Directions for this task =
Omit the pictures and return exactly the stretch of the material below from the line with "Ανώτερη γυναίκα που" through the line with "Lśniący puf z".

Data for this task =
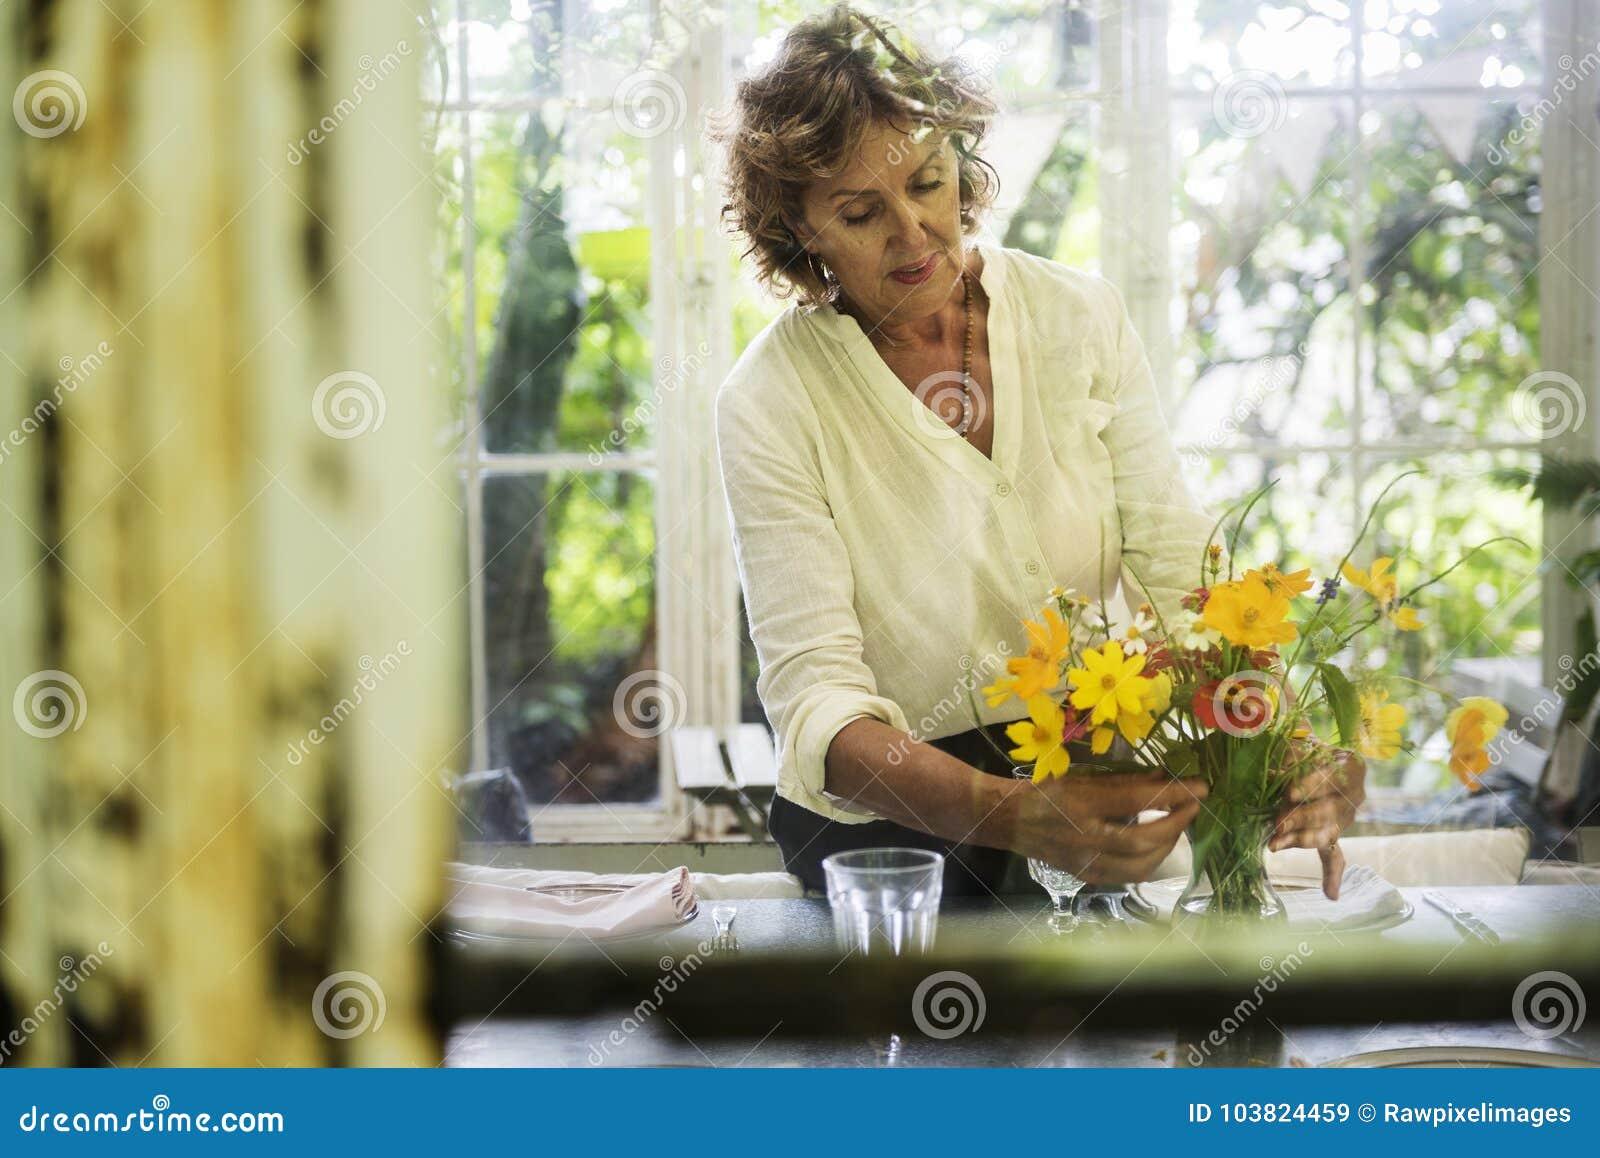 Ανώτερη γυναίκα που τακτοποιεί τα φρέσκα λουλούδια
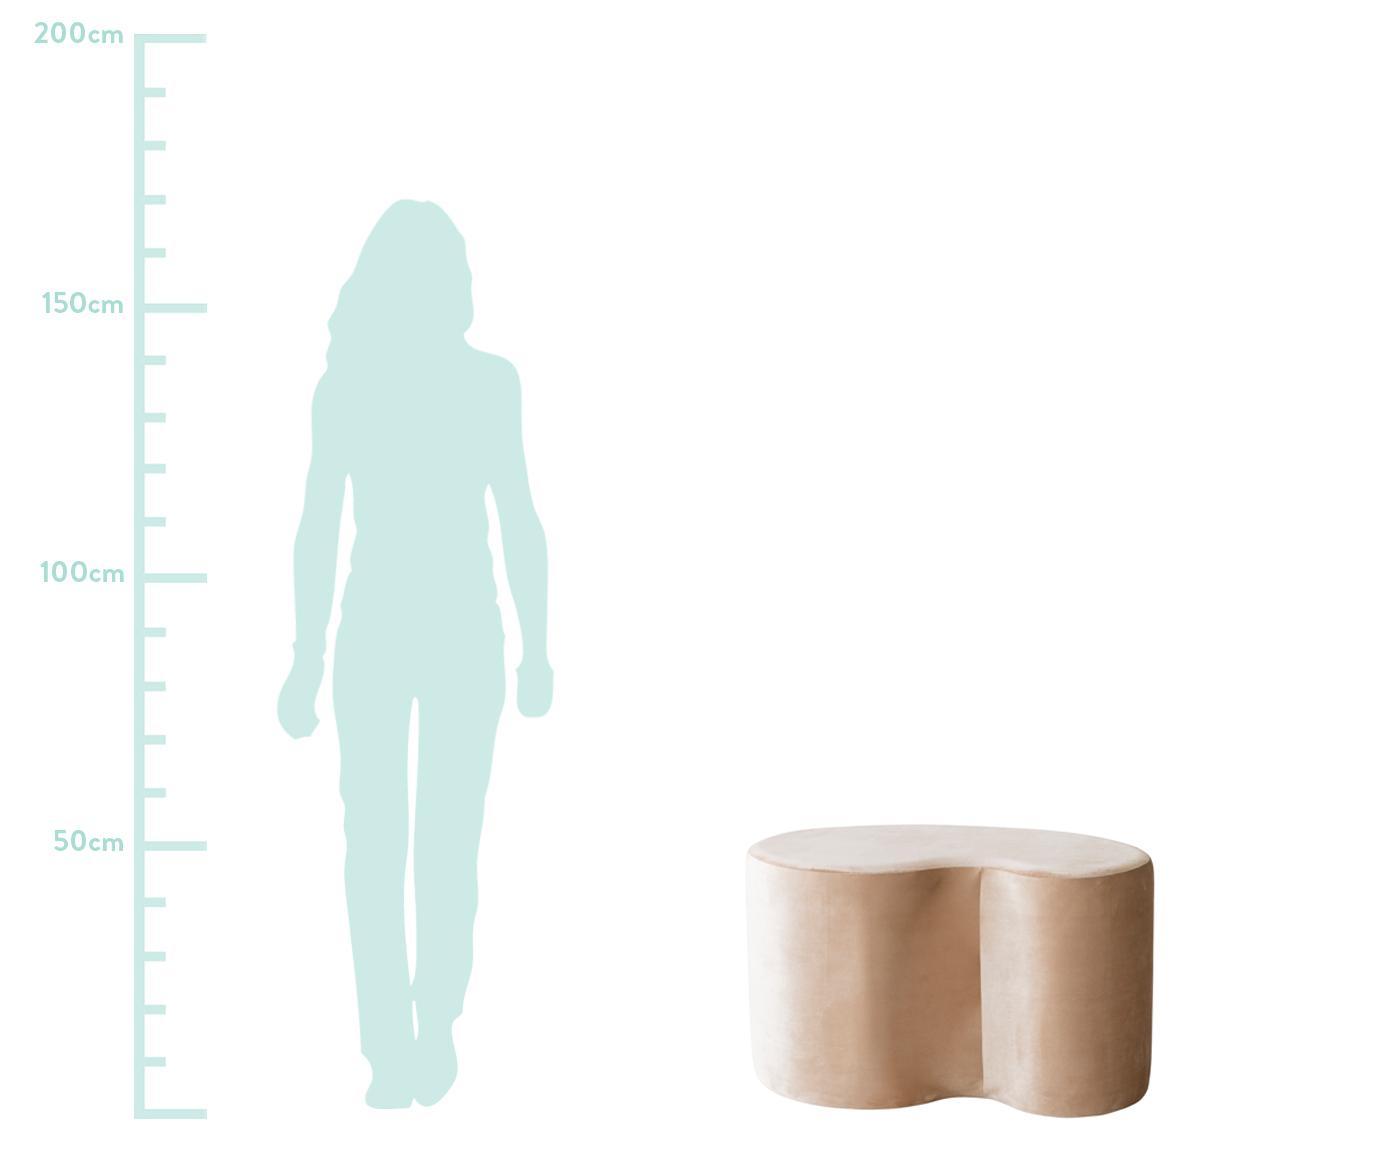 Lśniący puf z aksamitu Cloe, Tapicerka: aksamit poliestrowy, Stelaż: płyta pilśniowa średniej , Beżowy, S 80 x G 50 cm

==

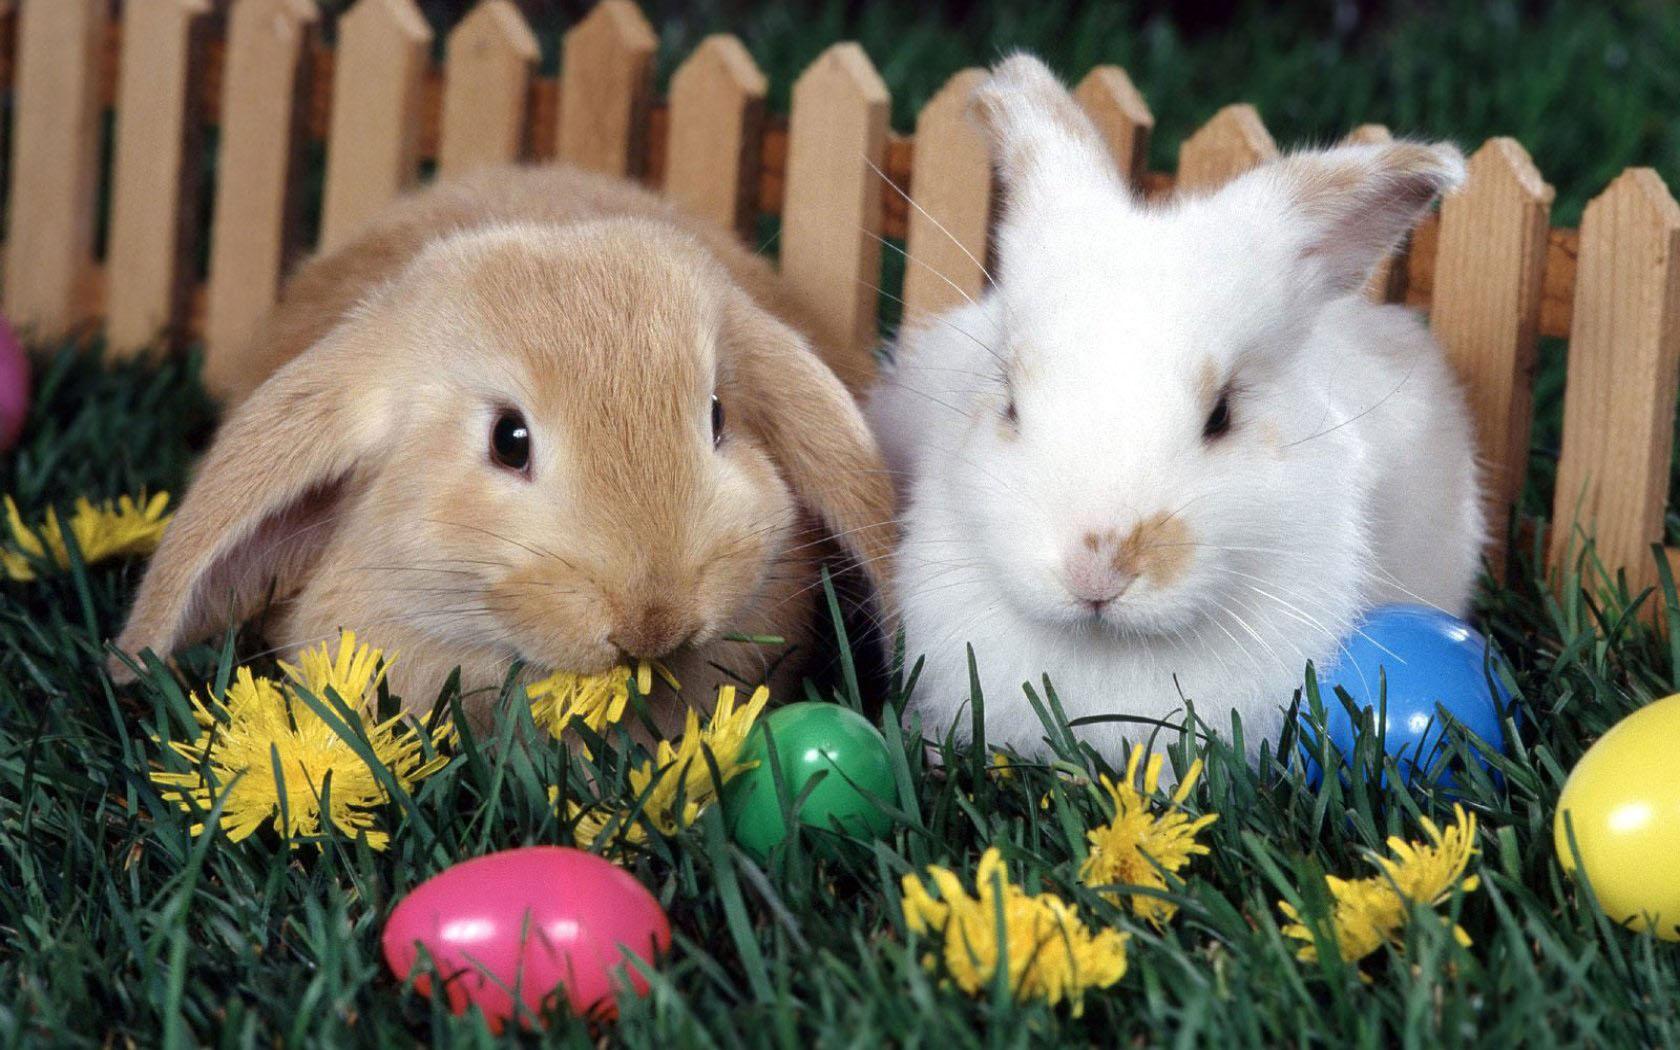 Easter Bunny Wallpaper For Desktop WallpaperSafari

--

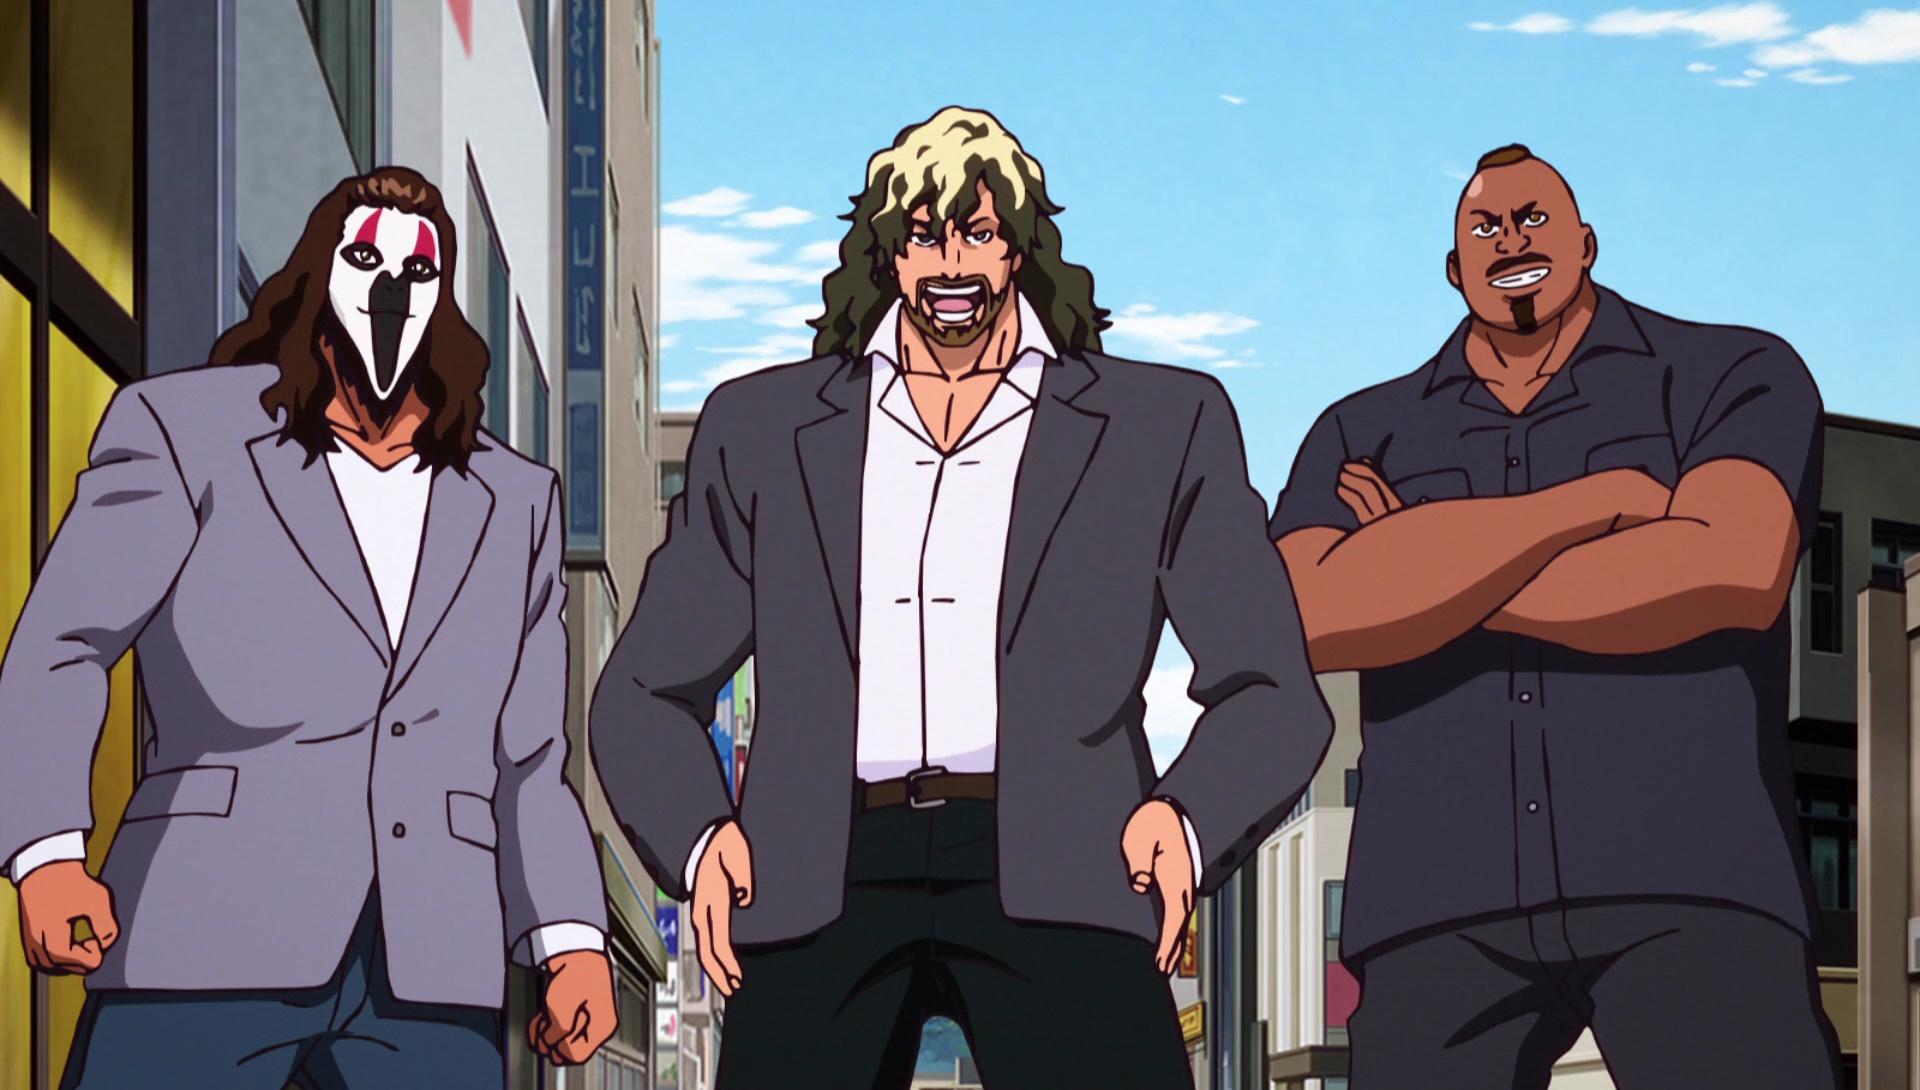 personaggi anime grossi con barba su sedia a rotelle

Result =
 Ανώτερη γυναίκα που τακτοποιεί τα φρέσκα λουλούδια
 Lśniący puf z aksamitu Cloe, Tapicerka: aksamit poliestrowy, Stelaż: płyta pilśniowa średniej , Beżowy, S 80 x G 50 cm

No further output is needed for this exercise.